「高周波数帯域3軸加速度センサ」の開発

受託研究成果
「高周波数帯域3軸加速度センサ」の開発
平成 28 年 11 月 21 日
マイクロストーン株式会社
代表取締役社長
白鳥敬日瑚
長野県工業技術総合センター
所 長
宮下純一
1
はじめに
マイクロストーン株式会社(佐久市)は、長野県工業
技術総合センター精密・電子技術部門(岡谷市)と、
「高周波数帯域3軸加速度センサ」を共同開発しまし
た。
現在発売中の「圧電型3軸加速度センサ MA3 シリ
ーズ」は、小型・軽量であるにも関わらず、すべての方
向(上下、左右、前後の3方向)の加速度を検出するこ
とができ、またアンプや回路などがすべて内蔵されて
いるため外部機器不要で加速度の測定が可能という
特長を有しています。
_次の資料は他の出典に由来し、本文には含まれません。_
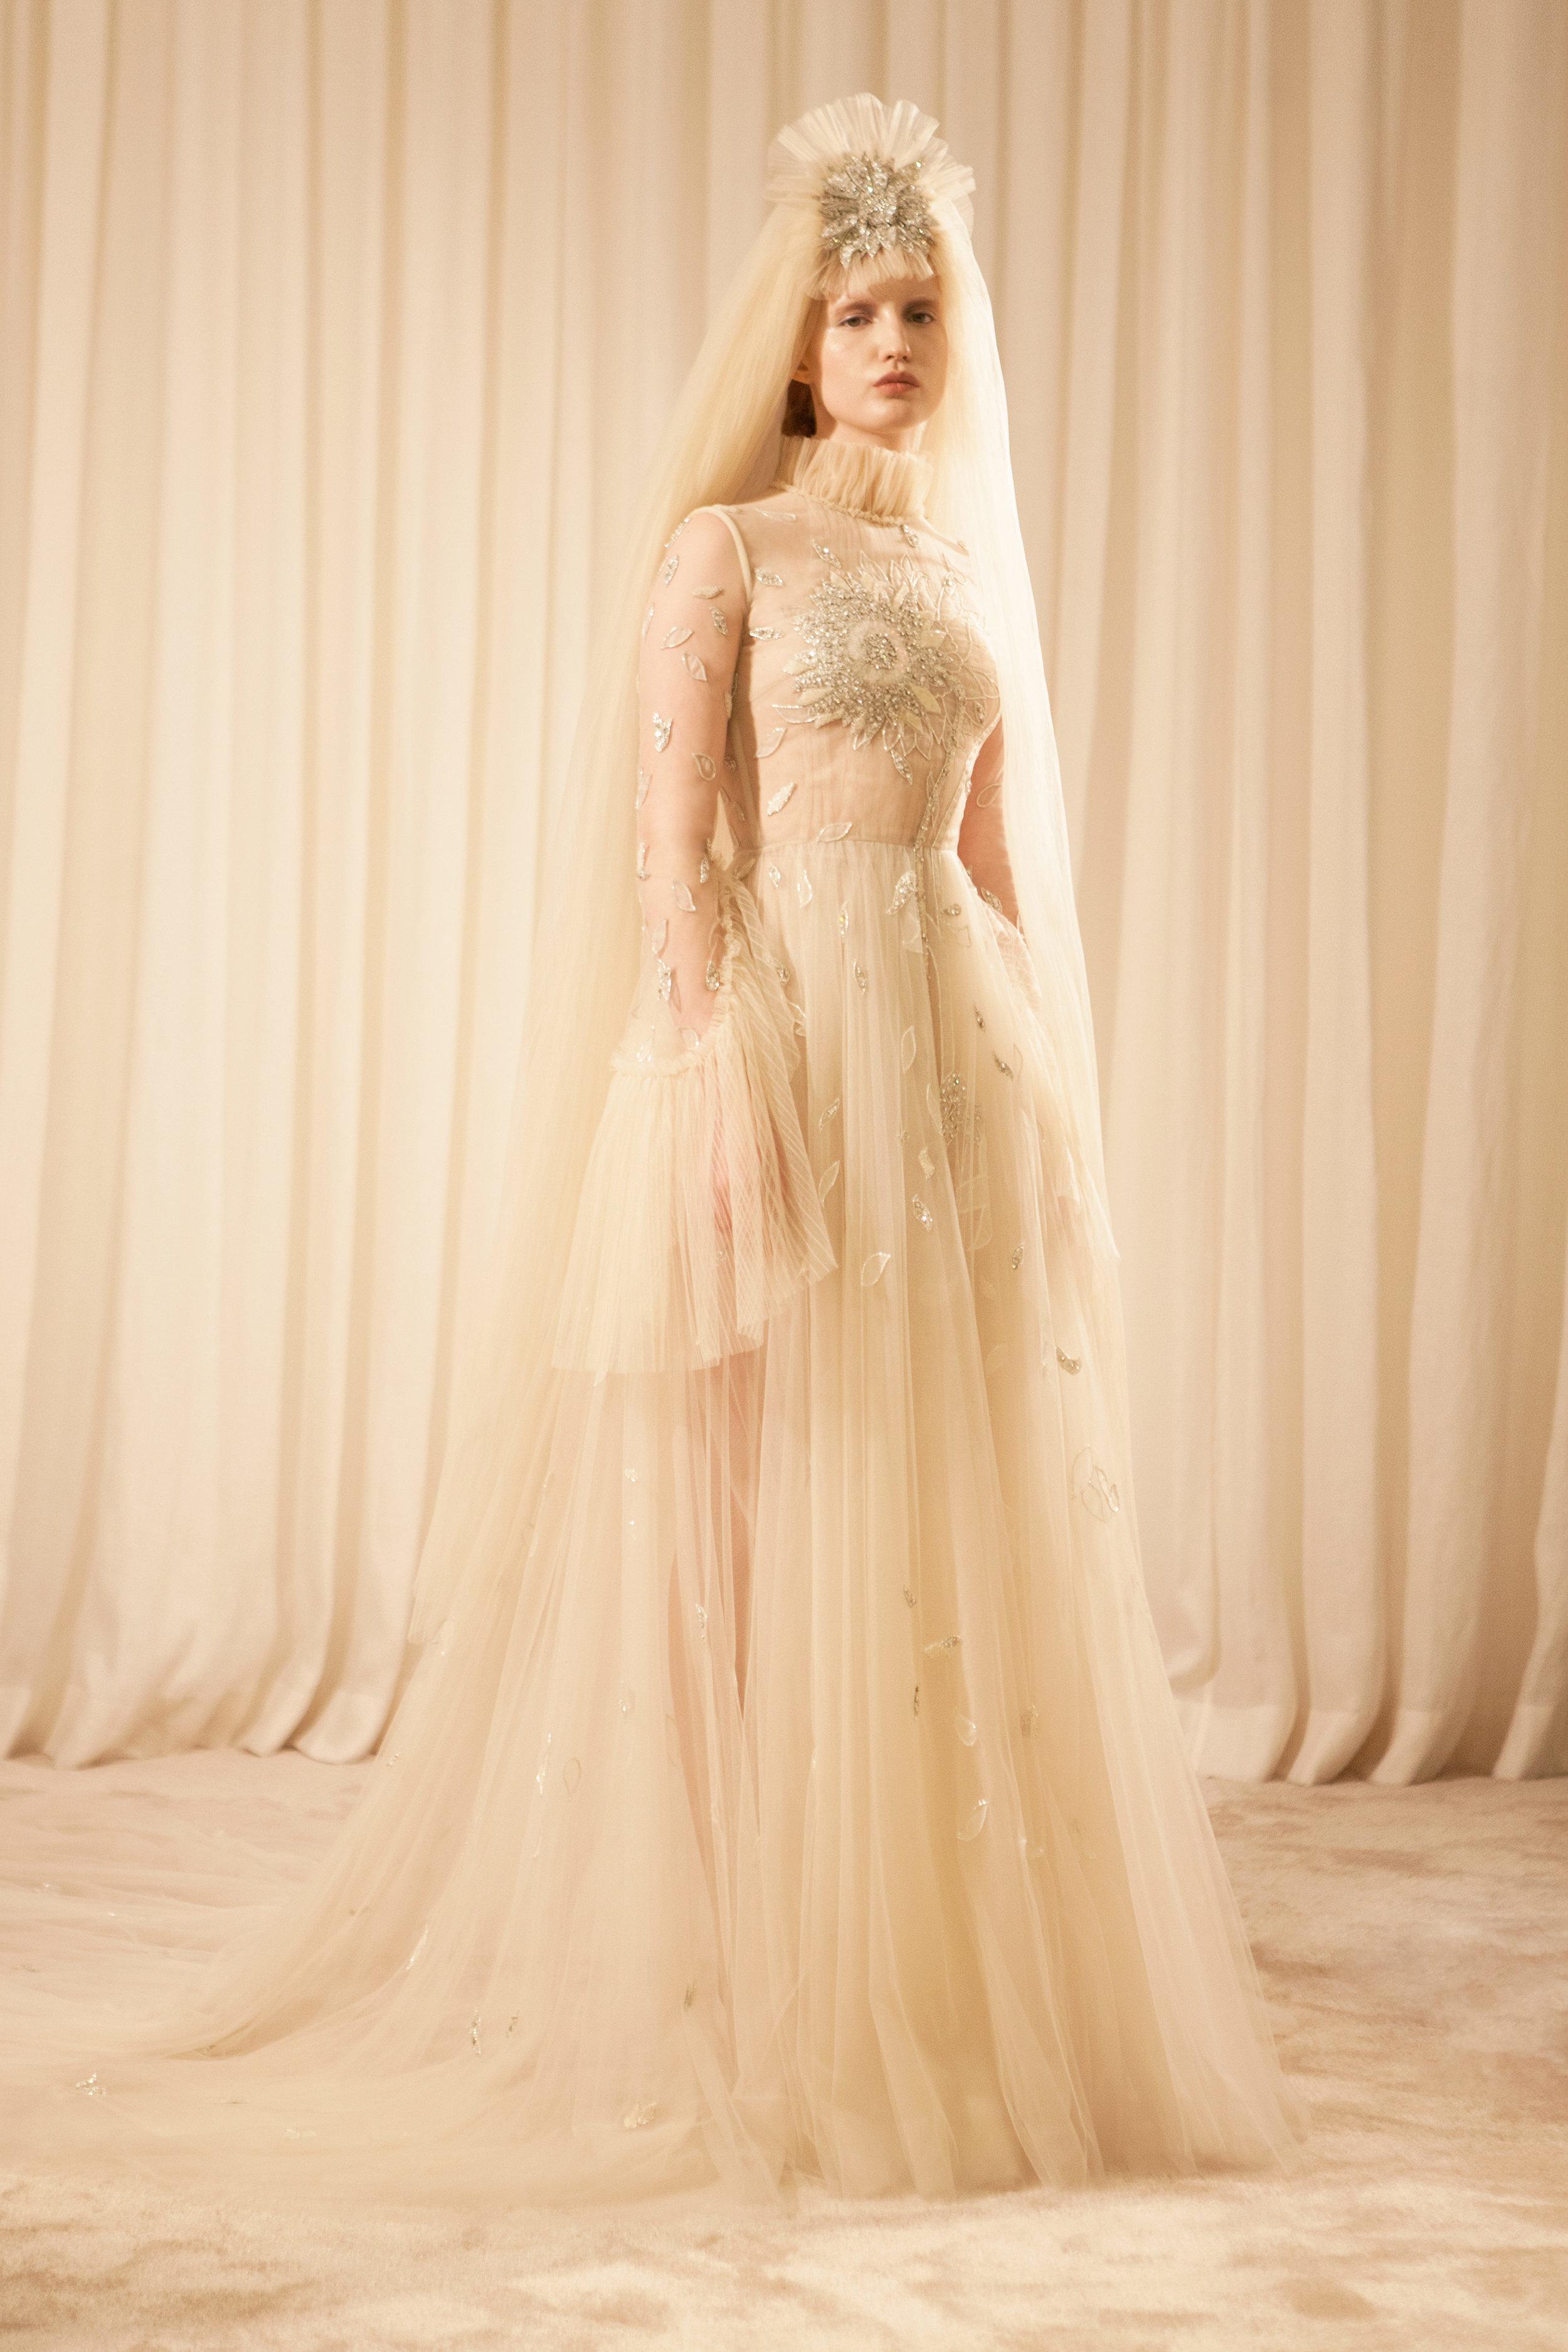 SandraMansour-S1-Lookbook-Bridal-07.jpg

また、非常に小さな加速度を正
確に測定できるタイプから、自動車衝突時など非常に大きな加速度を測定するタイプまで、ニーズに合わ
せて幅広いラインアップを取り揃えています。
しかし、例えば工作機械のベアリング損傷の際に生ずる振動を測定するというニーズに対しては、非常に
高い周波数帯域の加速度を測定する必要があるため、従来の製品では対応できませんでした。そこで、今
回、10kHz という高周波数帯域まで測定可能な3軸加速度センサを開発しました。
2
製品の特長と用途
今回開発した製品は、当社の従来製品と比較し、下記のような特長を有しています。
① 測定周波数範囲が大幅に広がりました。
従来品は、測定周波数範囲が 0.8Hz~1kHz でしたが、開発品は 20Hz~10kHz という非常に高い周
波数帯域まで測定が可能となりました。
② 高いサンプリング周期を実現しました。
周波数範囲の拡大に対応するため、高いサンプリング周期を実現しました。
③ 取り付けによる誤差を改善しました。
従来品は、測定対象物への取り付けが簡易な方法(両面テープや接着剤)でしたが、開発品はネジ
止めにも対応し、高い周波数や大きな加速度の測定の際にもより正確に測定できるようになりました。
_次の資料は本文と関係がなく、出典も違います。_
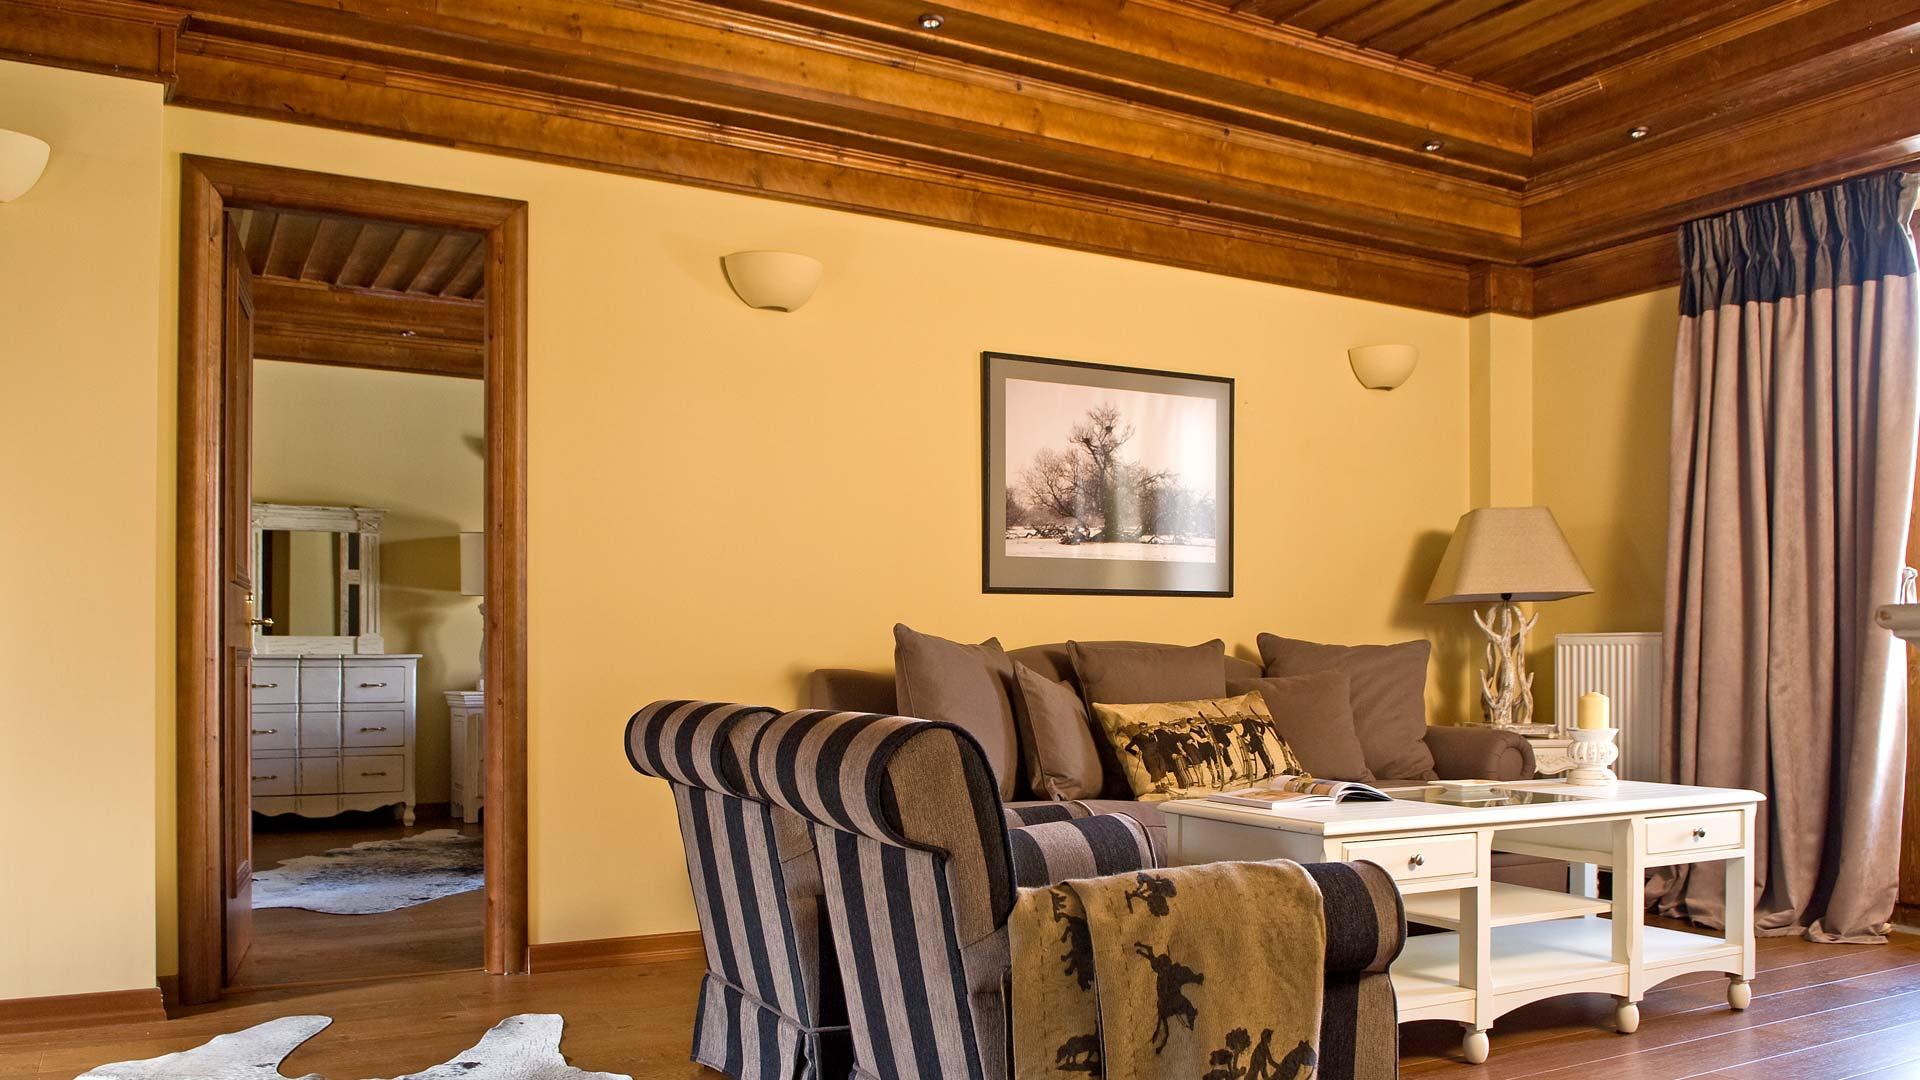 Grand Suites, Honeymoon, Ξενοδοχείο Αρχοντικό Χατζηγάκη, Περτούλι, Ελάτη

これらの特長により、工場内で稼動する工作機械内の部品劣化や故障等を監視する予防保全・予兆管
理での利用や、設備の振動解析など、様々な場面で振動を測定・監視することができます。また、近年注目
を集めている工場の IoT 化にも本製品を活用することができます。
3
県工技センターの支援内容
本製品の開発にあたり、高い周波数帯域まで対応可能な製品を設計する必要があります。工技セ
ンターでは、平成 27 年度に導入された統合化 CAE システムを活用し、コンピュータ・シミュレー
ションを用いて、製品の最適な形状や寸法等を設計するための技術支援を行いました。
4
今後の展開
開発した製品は、
「高周波数帯域3軸加速度センサ MA3-**BA」として、マイクロストーン株式会
社から 2016 年 12 月に発売される予定です。高い周波数の振動測定を必要とする工場内の生産設備
の監視用途等に導入が見込まれています。
* この件に関するお問い合わせは,下記までお願いします。
マイクロストーン株式会社
代表取締役社長 白鳥 敬日瑚,営業部 畠山 稔
〒385-0007
長野県佐久市新子田 1934
TEL:0267-66-0388
FAX:0267-66-0355
E-mail:[email protected]
長野県工業技術総合センター
精密・電子技術部門
測定部長 尾坂 一,主任研究員 西田 崇
〒394-0084
長野県岡谷市長地片間町一丁目 3-1
TEL:0266-23-4000(代表)
FAX:0266-23-9081
E-mail:[email protected]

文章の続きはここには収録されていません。